Ce sont là toutefois de menus détails par rapport aux changements moins visibles apportés à la Maranello. Celle-ci est la première Ferrari de route à moteur V12 à pouvoir compter sur la boîte de vitesses de type F1 à commande électro-hydraulique utilisée jusqu'ici seulement dans la 360 Modena. Placée à l'arrière où elle fait corps avec le différentiel, elle permet de répartir le poids également entre les deux essieux. Le moteur, un V12 48 soupapes à 65 degrés, a lui aussi évolué en voyant sa cylindrée s'accroître à 5,75 litres (d'où l'appellation de la voiture). Avec ses composantes en alliage léger, son carter sec et son taux de compression plus élevé, la puissance a fait un bond de 30 chevaux. Sachant très bien que l'amélioration des performances n'est pas une voie à sens unique, Ferrari s'est attardée au freinage en optant d'abord pour de nouvelles plaquettes Ferodo HP 1 000 et en s'assurant que celles-ci soient mieux ventilées au moyen de prises d'air additionnelles sous la voiture, une modification qui devrait diminuer la surchauffe notée l'an dernier en utilisation intensive.

Plus vite que Schumi

Si les améliorations sont bel et bien là, il n'est pas facile de les cerner en conduisant la 575 un an après avoir pris le volant de la 550. Ce dont je peux attester toutefois, c'est que la voiture tire un excellent parti de la boîte de vitesses robotisée qui m'est apparue plus agréable à utiliser que dans la 360. Les à-coups qui accompagnent les changements de rapport ont été grandement atténués, à moins bien sûr que l'on décide de faire appel au mode d'opération Sport qui ramène à 2 dixièmes de seconde l'intervalle entre les passages de vitesses. Même Schumacher n'arrive pas à faire mieux avec la boîte manuelle à 6 rapports.

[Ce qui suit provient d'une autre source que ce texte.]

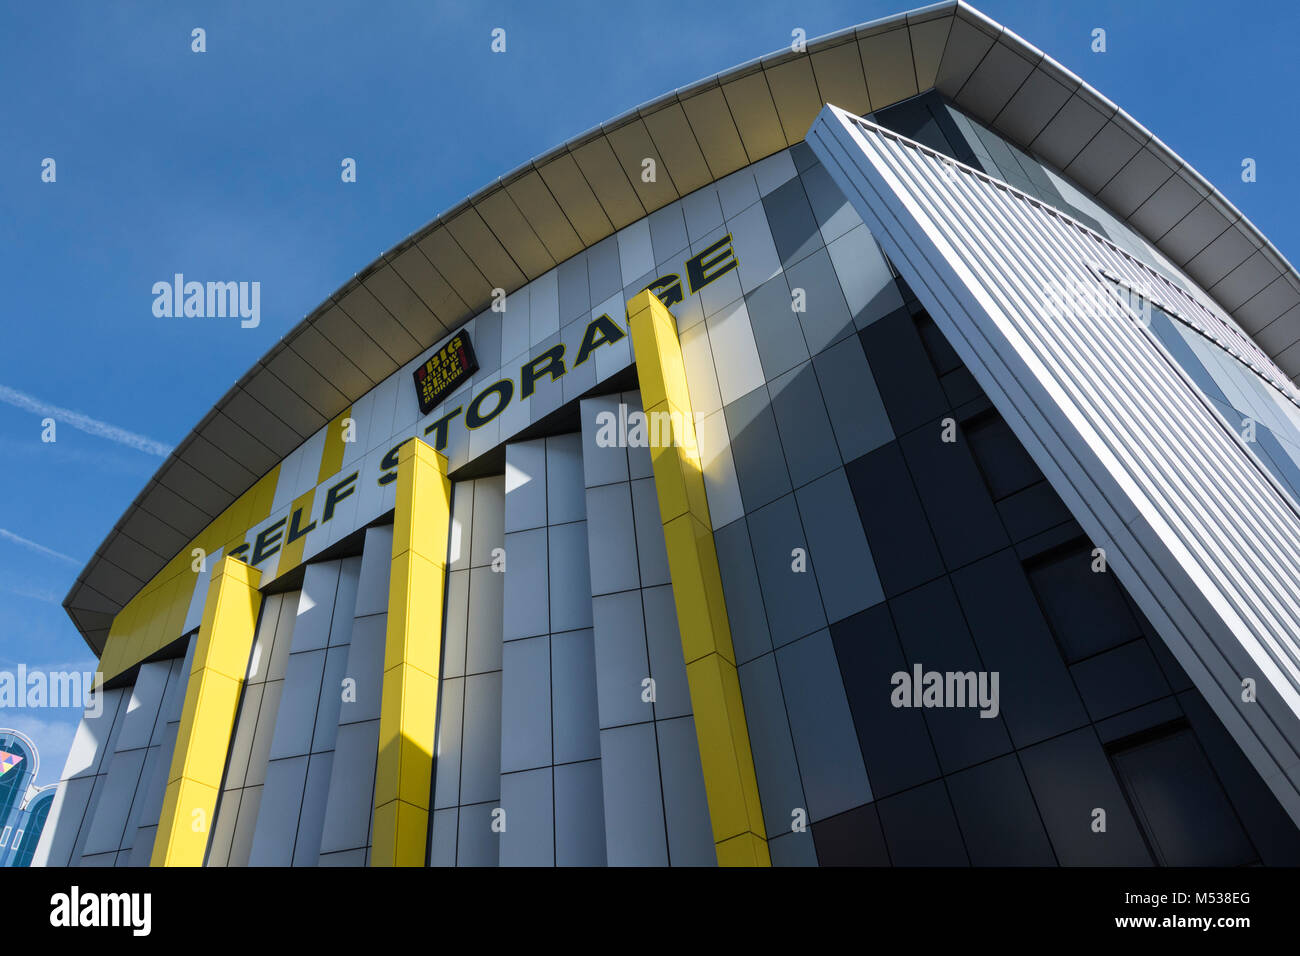 Big Yellow Self Storage warehouse facility in Brentford, west London, UK - Stock Image

Enclenché par un interrupteur sur la console, ce mode est certes plus brutal mais tout à fait jouissif quand, au moment de rétrograder, l'électronique se charge pour vous de donner un léger coup d'accélérateur parfaitement coordonné qui vous fait passer à coup sûr pour un pilote aguerri. Bref, le confort diminue mais le plaisir monte. Ce même mode adapte aussi la fermeté de la suspension à une conduite plus sportive tout en débranchant l'antipatinage. Avec 515 chevaux sous le pied, on a toutefois intérêt à savoir ce que l'on fait avant de flirter avec les limites de la 575M.

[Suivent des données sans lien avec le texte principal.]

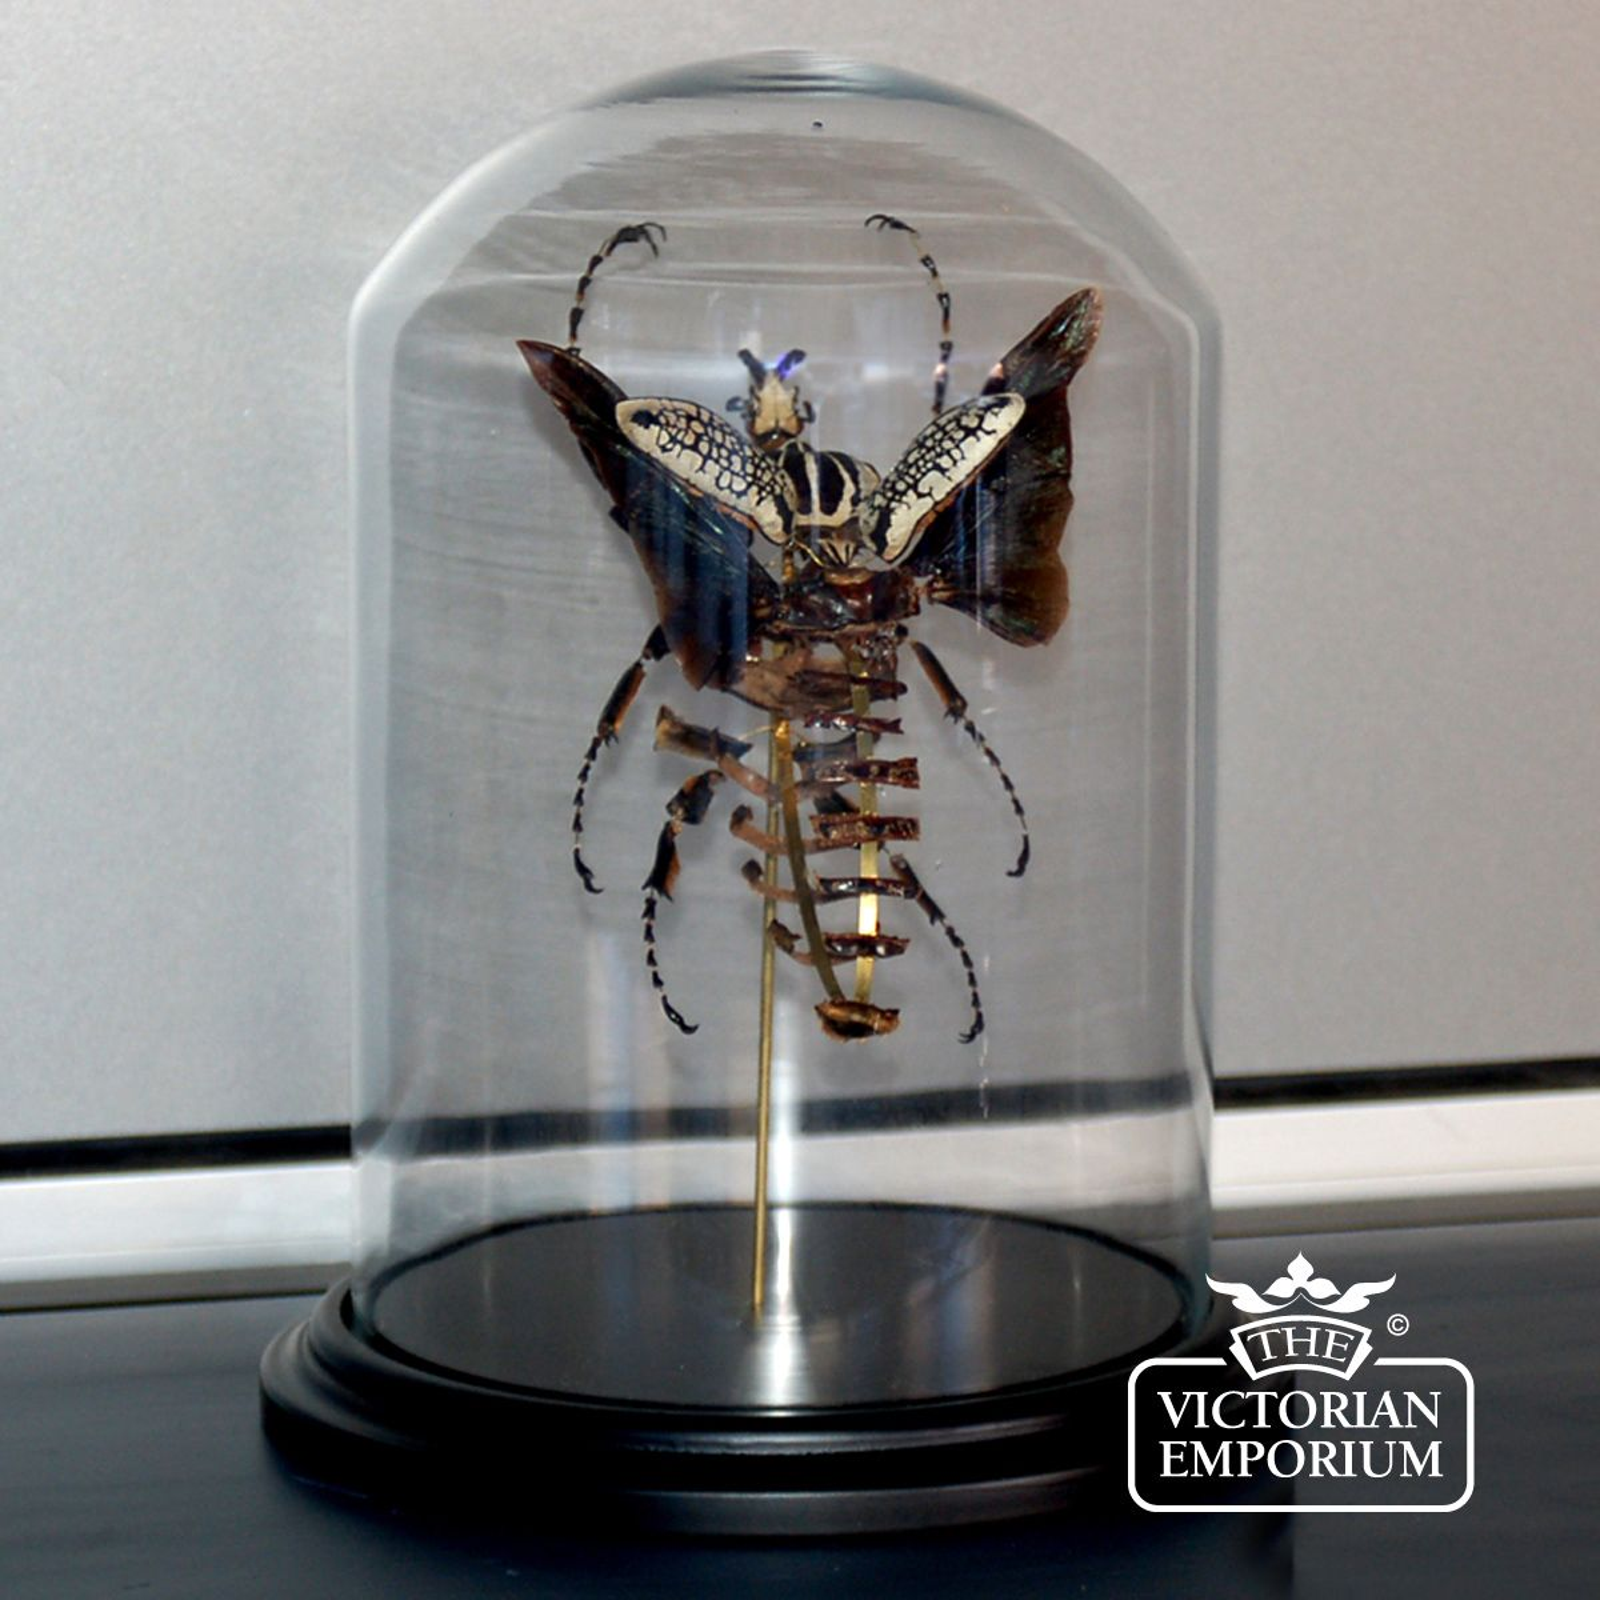 Decorative Display Cases Split Goliathus Under Glass Dome Natural Curiosities

La voiture vous permet également de goûter un peu à la technologie de la F1 en mettant à votre disposition son launch control, un système qui favorise les départs canon. Pied gauche sur le frein, le droit appuyé sur l'accélérateur, antipatinage à « off » et boîte de vitesses en mode Sport, vous n'avez rien d'autre à faire que de relâcher le frein et de stopper votre chronomètre à 4,2 secondes une fois rendu à 100 km/h. L'embrayage en souffre un peu, mais bon, il faut bien s'amuser de temps en temps.

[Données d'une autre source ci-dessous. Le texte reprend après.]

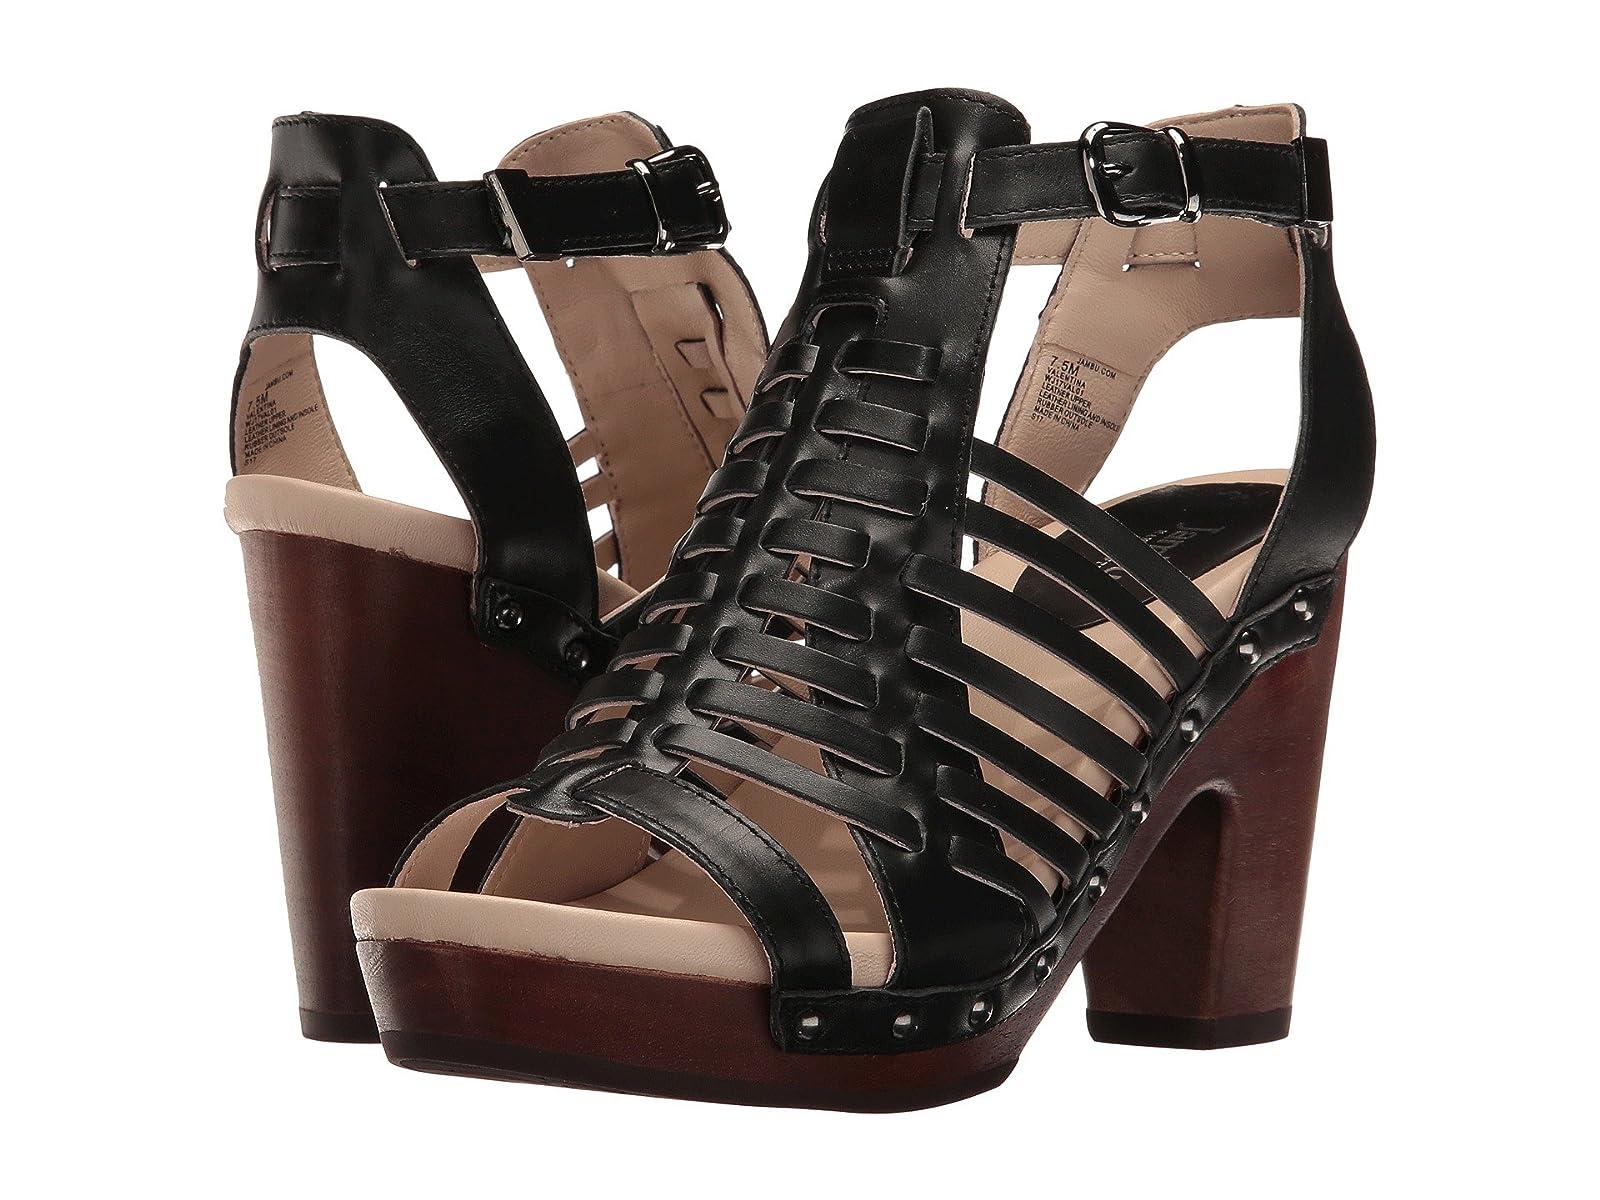 Jambu ValentinaCheap and distinctive eye-catching shoes

Contrairement à ce qui est le cas dans la Maserati Cambiocorsa ou à l'Audi A8 2004, les palettes situées derrière le volant qui servent à monter ou à descendre les rapports sont juste à la bonne place et faciles à manipuler. Justement, la qualité première de la 575M Maranello est sa grande facilité de conduite qui en fait la Ferrari de tous les jours : hyper rapide si on le désire et capable d'endurer un embouteillage sans piaffer d'impatience. Moins pointue à la limite qu'une 360, elle sait pardonner les fautes. Dommage pour ce léger bruit de vent à 220 km/h et pour cette sonorité moteur qui ne livre plus les mêmes frissons que les V12 d'avant.

En rapportant la voiture à son propriétaire, je me disais quand même qu'en visant toujours plus haut avec la 575M, Ferrari nous amène pas très loin du septième ciel.